I just ran a 10k two weekends ago. This was the fourth year I’ve participated in the Brewers Mini 10k & Half (I’ve done the 10k every year). Sam and I both ran it, along with my bestie. Sam did it at his own pace and finished…oh about an hour ahead of me.
I’ve often grappled with the fact that I alternate running and walking. Does that still make me a legitimate “runner?” Can I say, “I ran a 10k” when I actually walked at least half? When you’re doing a race, is it okay to walk?
This year, I’ve finally become comfortable with the idea that yes, it’s okay to walk part of my race.
Here’s the deal, I’m not going to be in the top range for my age group. Sam was 12th in his age group. Not I.
But six years ago, if you had told me that I would be running in a 10k–running in any sort of public space at all–I would have never believed you. You see, I literally, never EVER ran.
I played on a kickball league with friends from a local bar. Occasionally kickball would involve a little base running. Generally, I just avoided kicking the ball, so I wouldn’t have to run the bases. When I happened to get a kick, I’d try, but I always felt so self-conscious. I remember my teammates even joked, they’d never seen someone run in slow motion before.
Back in school I never ran either. I hated running, in fact. I actually hated gym all together. Which is funny now that I’m married to a gym teacher. I was far from athletic. I was pretty scrawny, especially in elementary school. Running was something I just never did.
What changed–Why it’s okay to alternate running and walking
On the other hand, when I decided to start to try running a few years back, I started with the Couch to 5k (C25K) app. The app alternates running and walking in a totally manageable pace. When I started, I’ll admit, I struggled to even run for the one-minute intervals that it was called for. I ran at about 4.5 miles/hour (newsflash: very very slow).
BUT, once I started running with the app, I got better and better. I am still not fast, but even the other day when I was running with Sam, he pointed out to me that I may want to slow down a little because I seem to alternate sprint and walk. No one has ever suggested that I was sprinting. Ever.
I am a runner now, because I enjoy walking and built up to it..
Walking helps me recover. It helps me get in my steps. Walking gives me the breaks I need to catch my breath so I can finish a 10k with my BFF.
I think sometimes runners feel guilty if they walk. We feel like it makes us imposters, or means we’re not really runners.
The way I look at it, is sort of like anything else–there’s no rules that say you have to do X to be a runner (and if anyone claims there are, it’s just silly). Just do what you can and work up to a pace you’re comfortable with.
Even with alternating running and walking, my friend and I still PR’d in our last run. We have improved our time by at least a minute each year, which is pretty cool (in about 60 years I’ll be as fast as Sam, ha).
There’s no shame in walking.
Walking’s good for your health
Walking is still a great way to get exercise.
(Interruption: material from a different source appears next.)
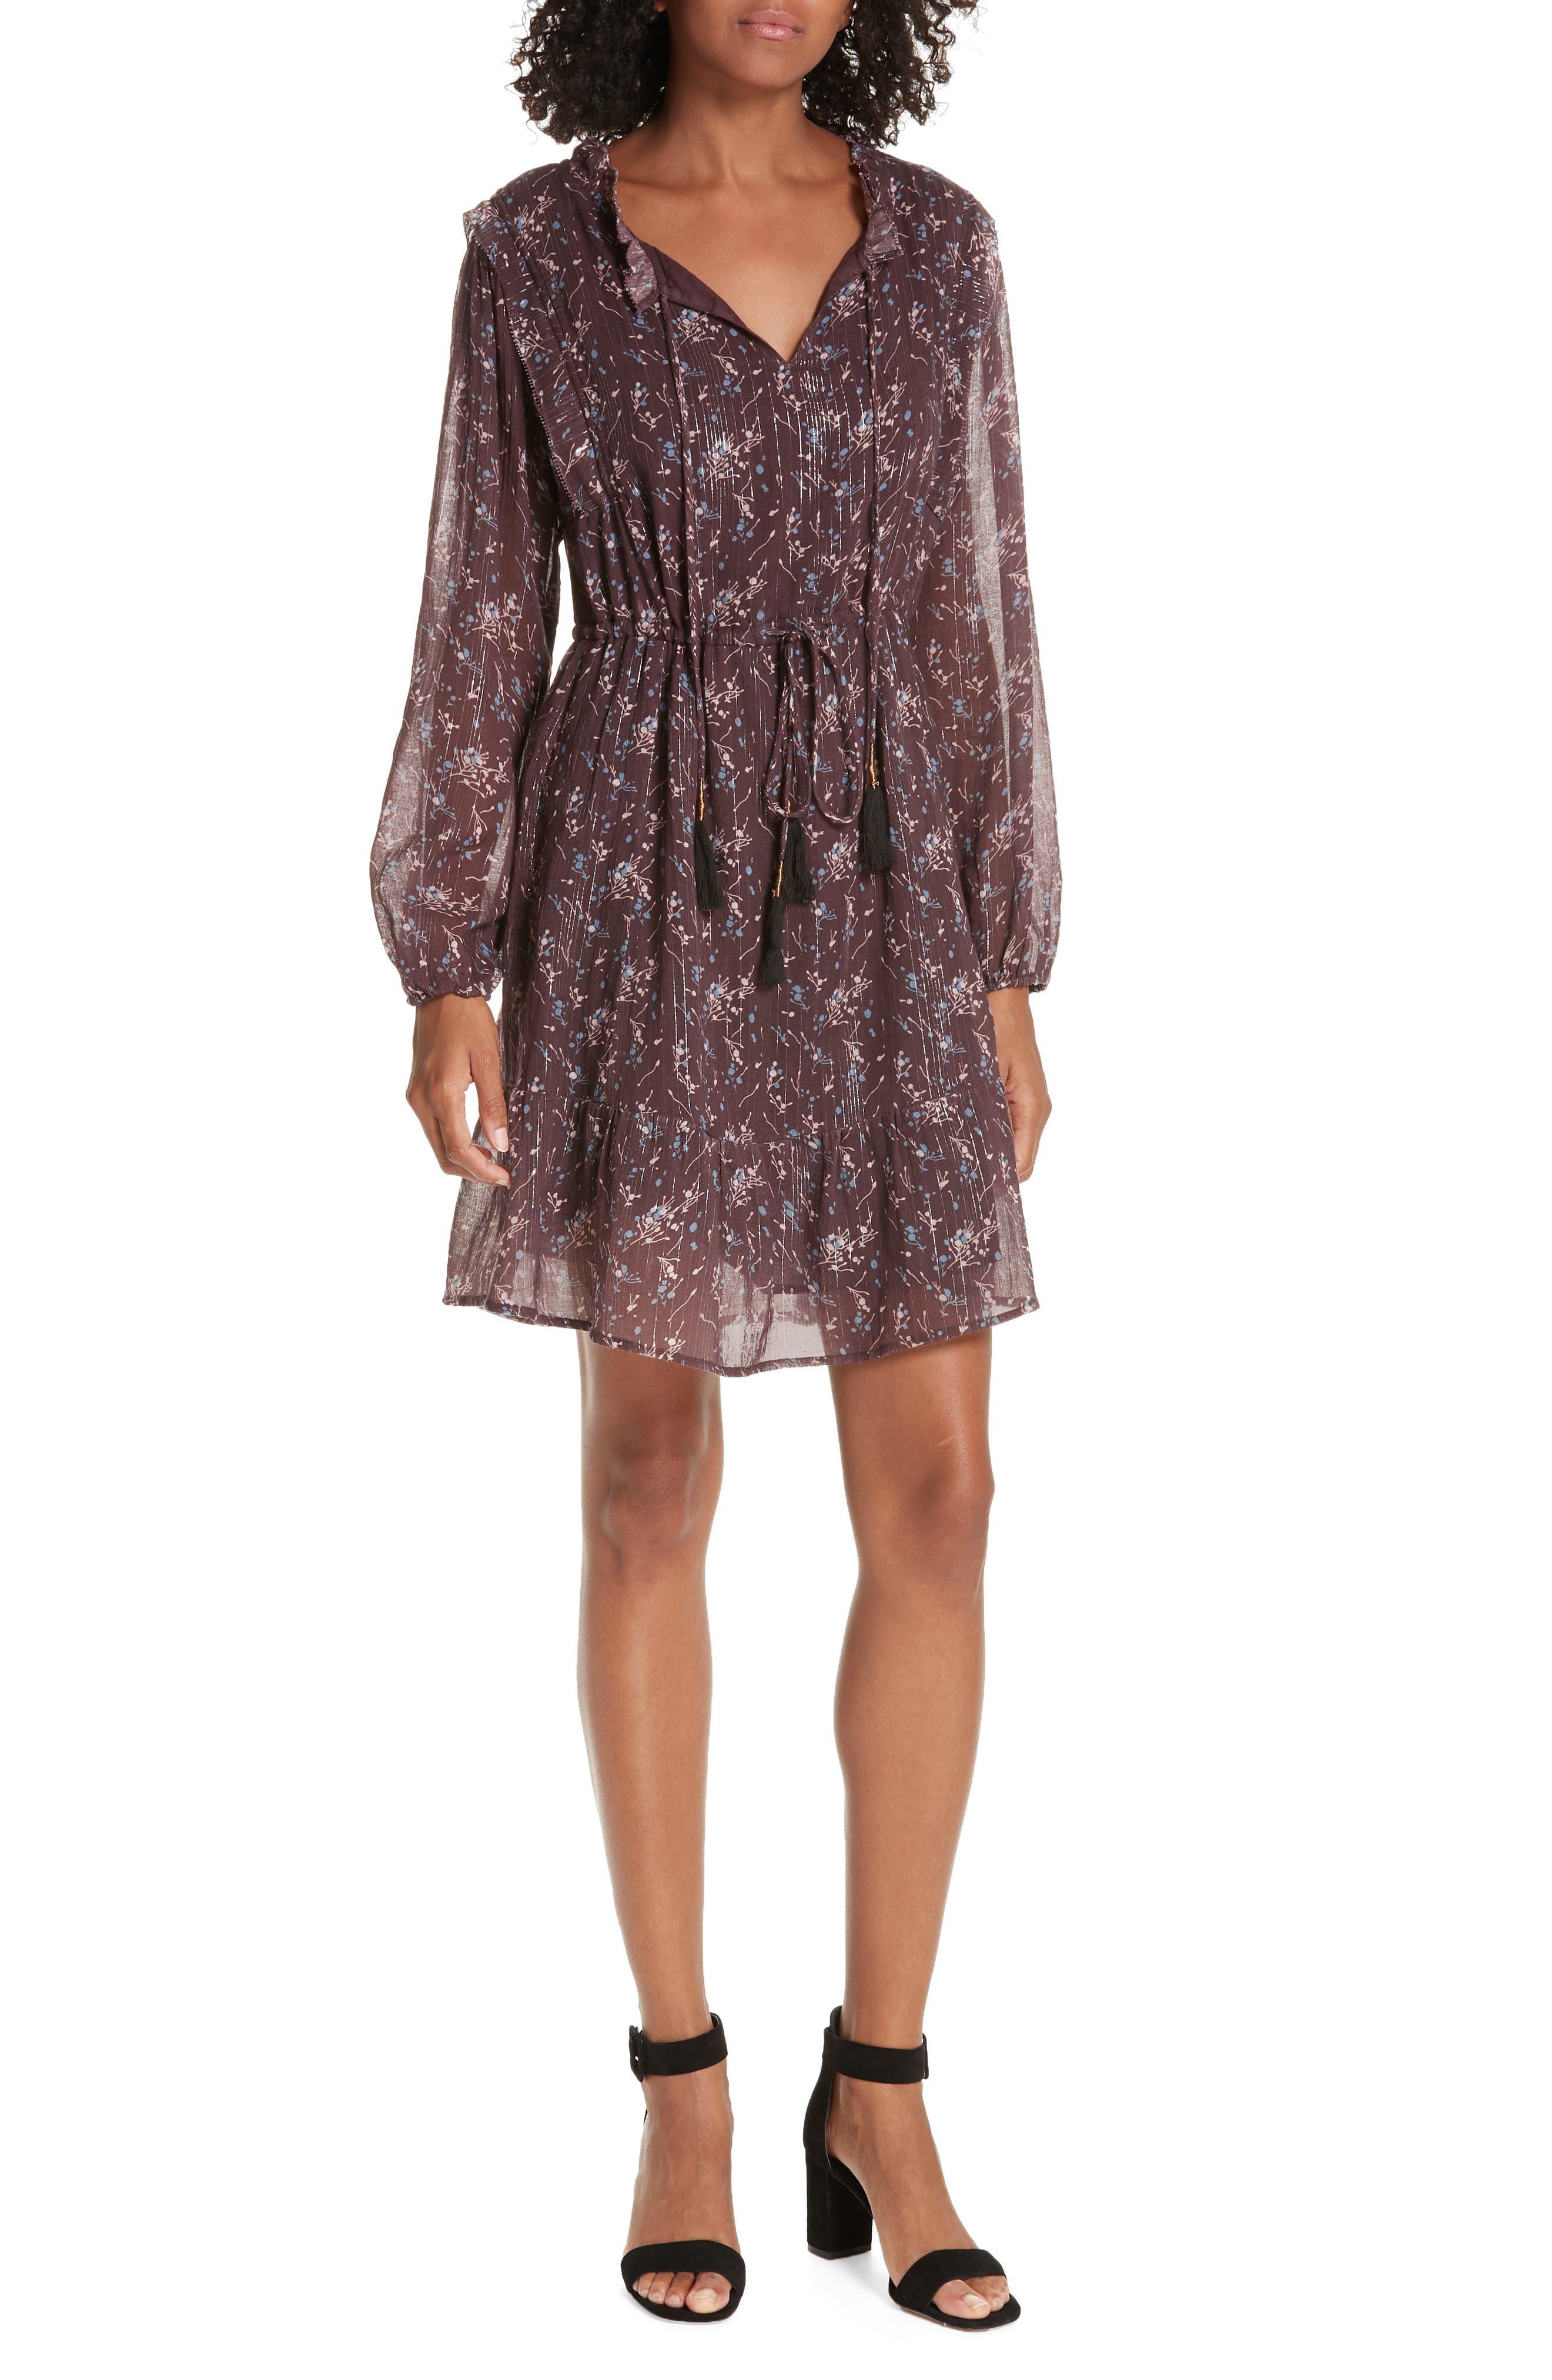 Ruffled Drawstring Waist Dress,                             Main thumbnail 1, color,                             BROWN PLUM BLOSSOM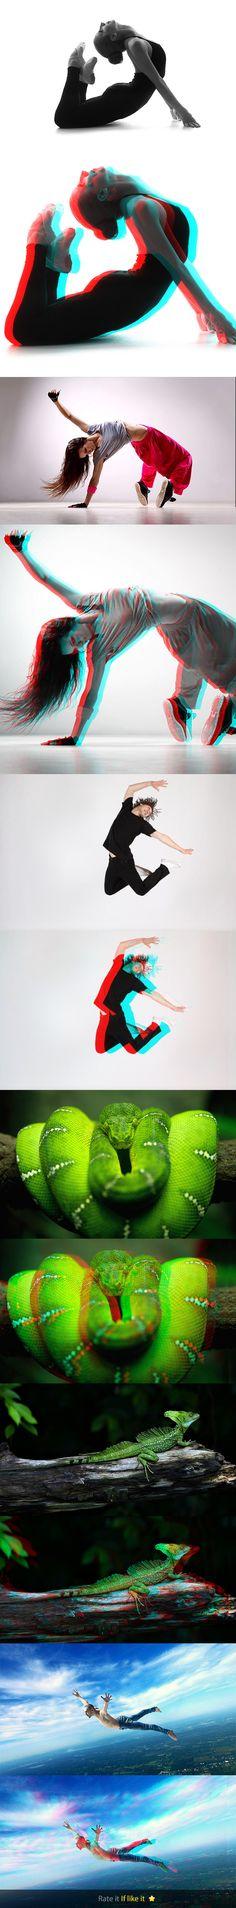 3D Photoshop Actions #photoeffect Download: http://graphicriver.net/item/3d-photoshop-actions/10576098?ref=ksioks

In fact, recent studies show that walking is just as good as running when it comes to lowering your blood pressure, cholesterol and other health benefits. The difference of course is that walking takes longer (so you’ll need to walk for 45-60 minutes as opposed to running for 20-30.
There’s an idea that running is tough on your joints and harder on your body, which I don’t necessarily find to be the case (there are also other studies now that say running is actually good for building up your joints and strengthening your bones).
I think it really comes down to a matter of preference. Sam and I go for a walk together almost every evening. It’s great! It gives us time to catch up about the day and talk and swap stories.
On the other hand, when I run it’s usually in the morning and alone. I actually enjoy listening to music on my run or just spending the time alone with my thoughts. It gives me a chance to work through stress, prepare for the day ahead and get my brain going. It’s a totally different experience.
Even on those morning runs, I still alternate with walking. They’re more intense and faster, but there’s never a time when I could run more than two miles straight. That’s just where my endurance seems to plateau. It’s much longer and further than it used to be, but I can’t fathom running 5-10 miles straight. Maybe some day.
Moving is the goal
No matter which you prefer, don’t feel bad about include walking or alternating in your routine. It makes it more interesting, less strenuous and it’s much better than pushing yourself to the point of injury. Remember there’s no rule that says you need to run a certain way or speed. Just do what you can! Pat yourself on the back for getting moving.
No matter where you are with your running routine, you’re still lapping everyone on the couch!